Если и существовал когда-нибудь способный на самостоятельность вагнерианец, то это был именно Генрих фон Штейн, наиболее свободомыслящий из его учеников. Он не считал последней религией мистицизм сомнительного качества, пропагандируемый в «Парсифале». Он на одинаковую ступень ставил Шиллера, Гёте и Вагнера, мифотворцев, воспитателей своего века и своего народа. Байройтский театр был для него не апофеозом творения, а обещанием и орудием новых творений, знаком лирической традиции.
Можно догадаться о разговоре Ницше и его гостя: Штейн хотел оправдать свою миссию, но не решался начать говорить; тогда Ницше заговорил сам и заставил его себя слушать.

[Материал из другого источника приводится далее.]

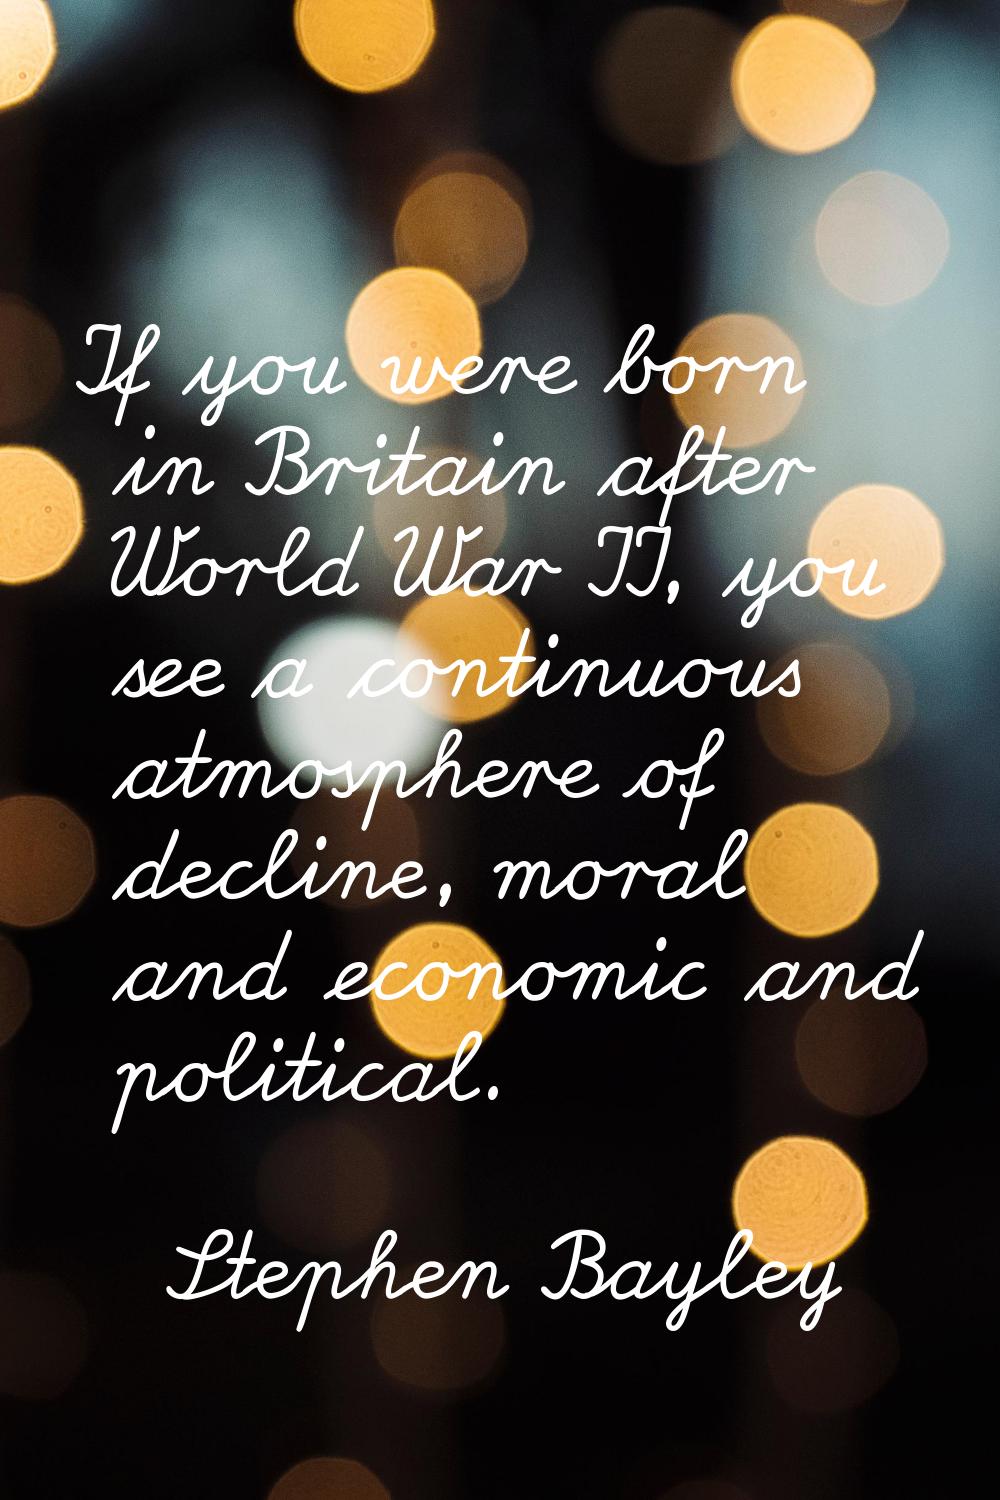 If you were born in Britain after World War II, you see a continuous atmosphere of decline, moral a
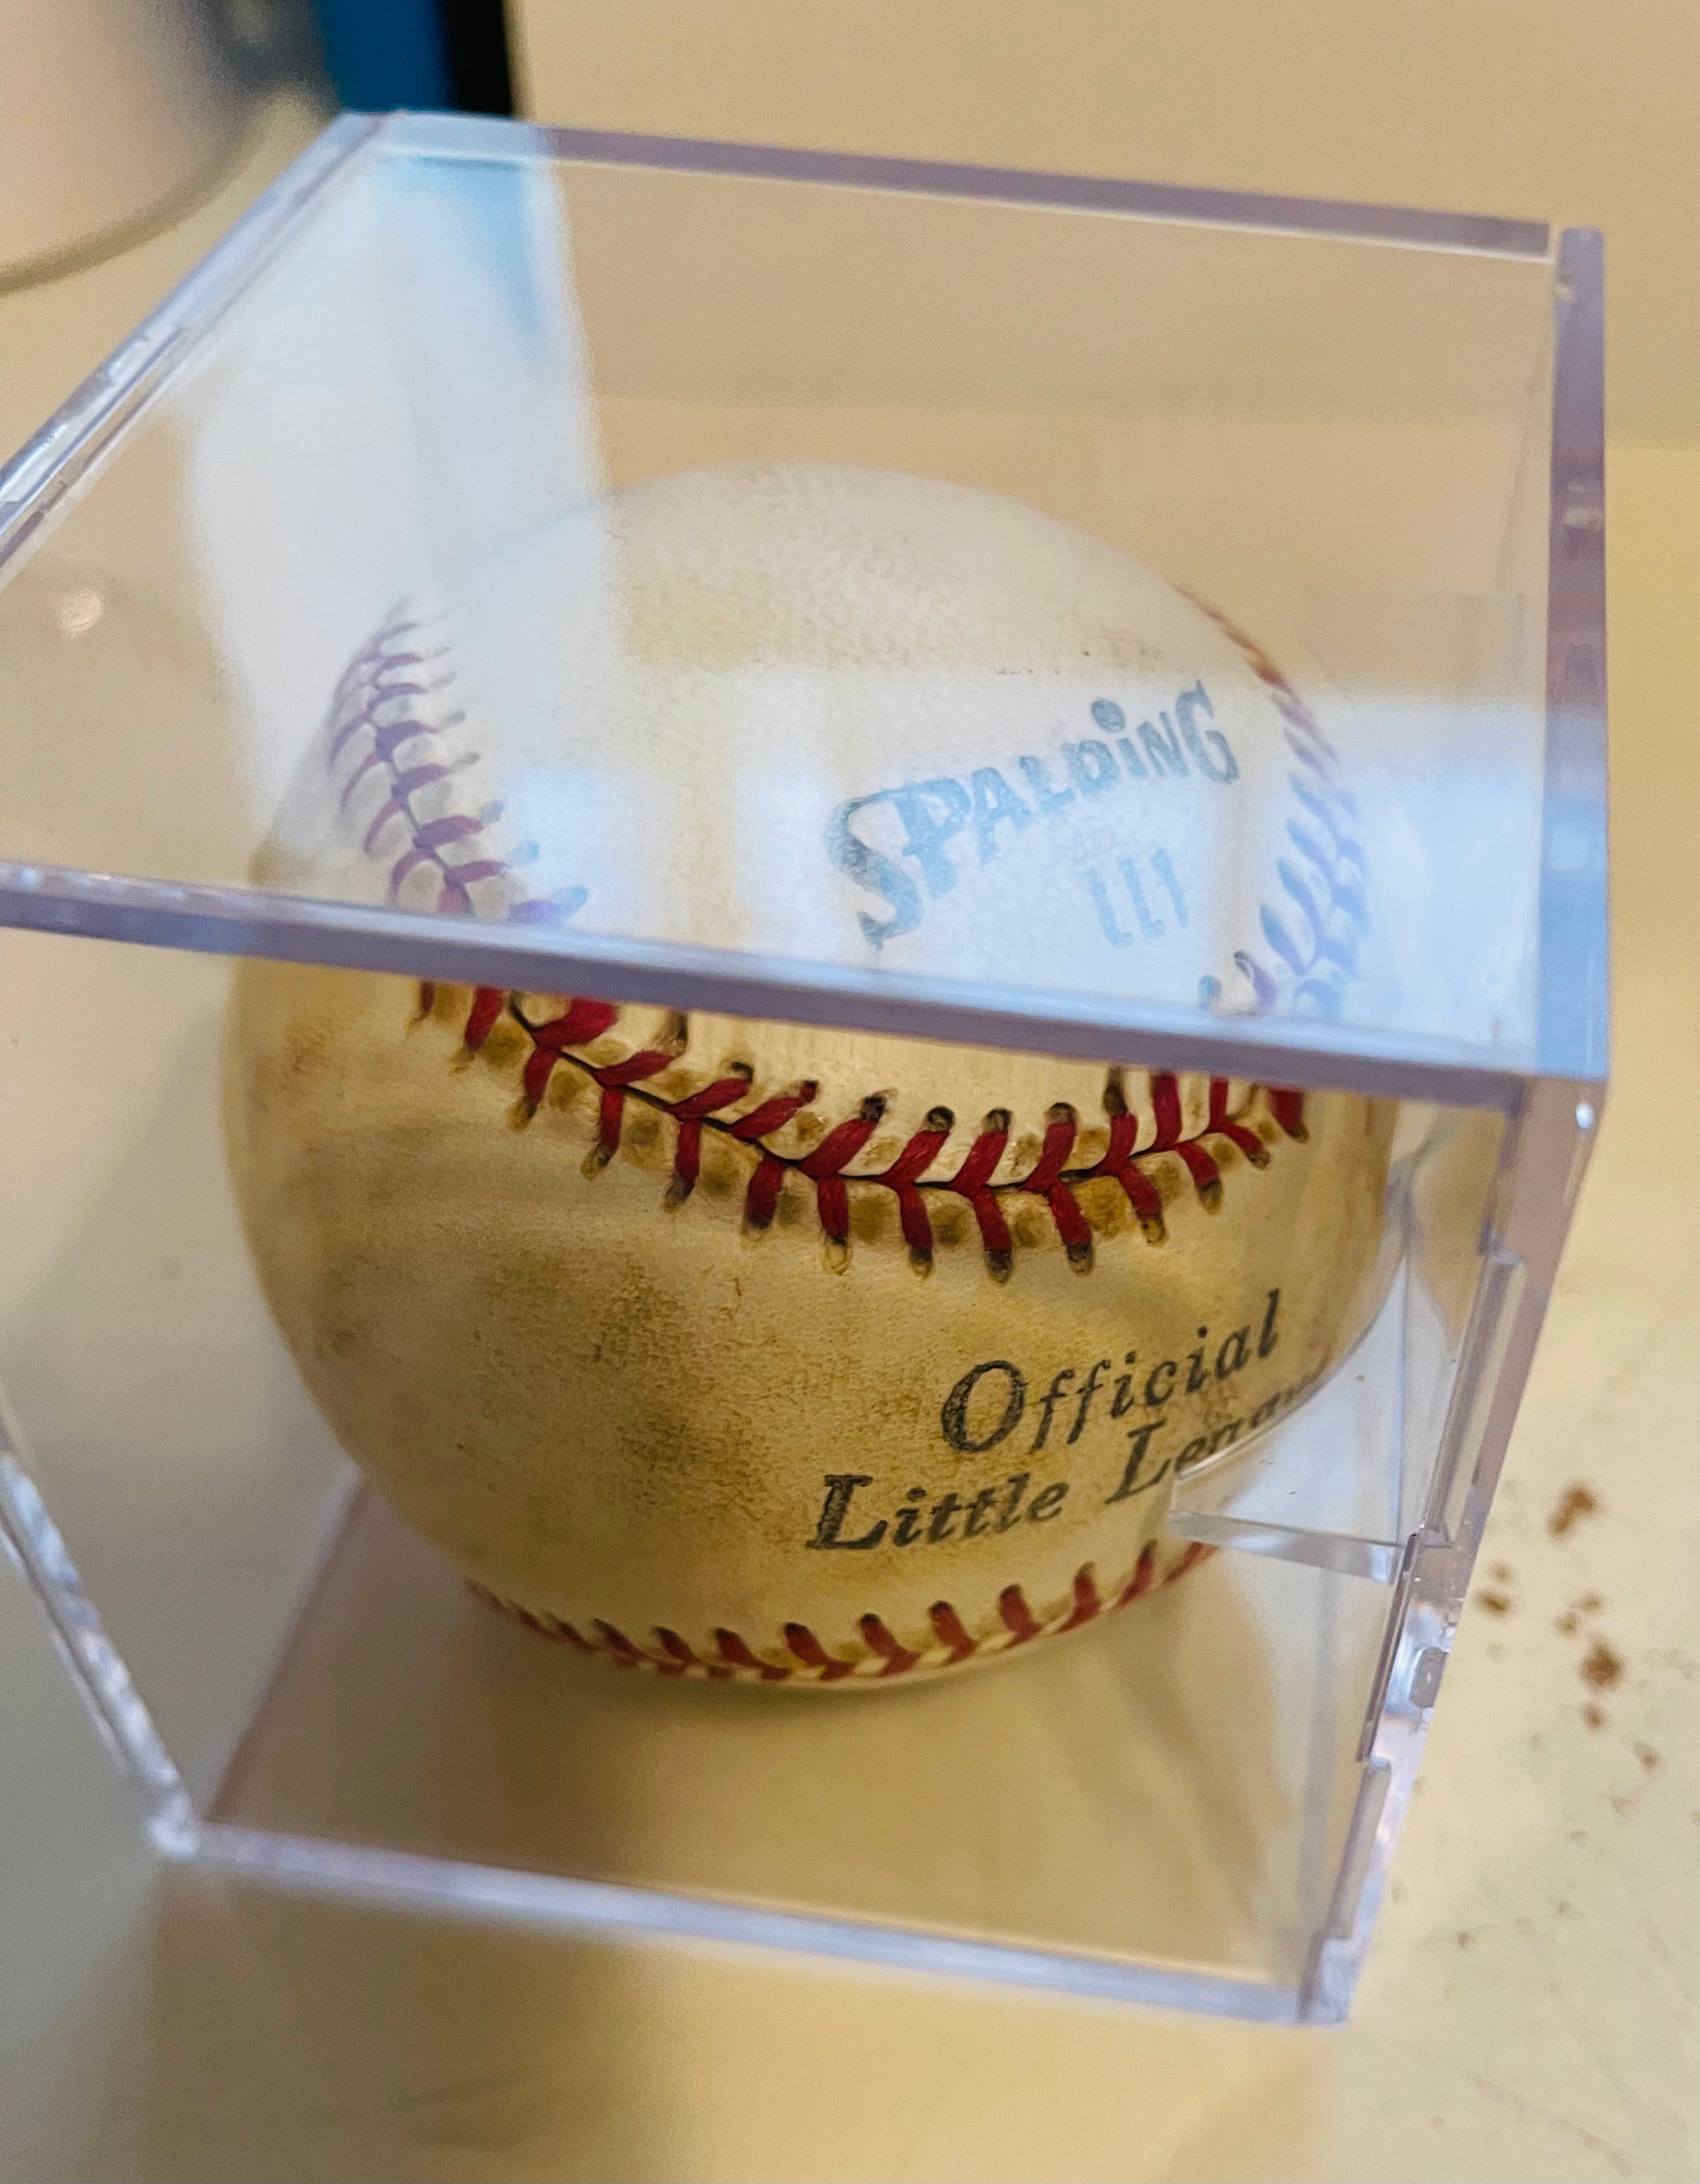 Mickey Mantle autographed baseball with case and COA

Вероятно, Ницше сказал ему:
— Вы поклонник Вагнера? Кто не восхищается им? Я сам знал, почитал и слушал его так же, как и вы, больше, чем вы. Я научился у него не стилю его искусства, а стилю его жизни: мужественно дерзать, творить; меня, я знаю, обвиняли в неблагодарности, но я плохо понимаю значение этого слова; я только продолжал свою работу; я его ученик, в лучшем смысле этого слова. Вы часто бываете в Байройте; это приятно, даже слишком приятно. Вагнер, восхищая вас, рассказывает вам легенды, перечисляет все древние верования, германские, кельтские, языческие, христианские; наслаждение, переживаемое при этом, губительно и вредно для всякого пытливого ума. И поэтому я уехал из Байройта. Послушайте меня, я не поношу ни искусства, ни религии; снова возродятся времена и того и другого; ни одна из прежних ценностей не будет забыта. Они снова появятся, преображенные, без сомнения, более сильные, более могущественные в мире, до самой глубины своей, освещенном наукой. Все, что мы любили детьми и подростками, все, что поддерживало и возбуждало наших отцов, все это мы вновь увидим. Мы вновь обретем лиризм, доброту, самые высшие добродетели и самые смиренные, каждая из них явится нам в своей славе и в своем величии. Но сначала надо согласиться на приход ночи и отказаться от всего и неустанно искать; перспектива бесконечно увлекательная, но я слишком слаб для того, чтобы остаться одному. Помогите мне, останьтесь здесь или возвращайтесь сюда на шесть тысяч футов над Байройтом!»[16]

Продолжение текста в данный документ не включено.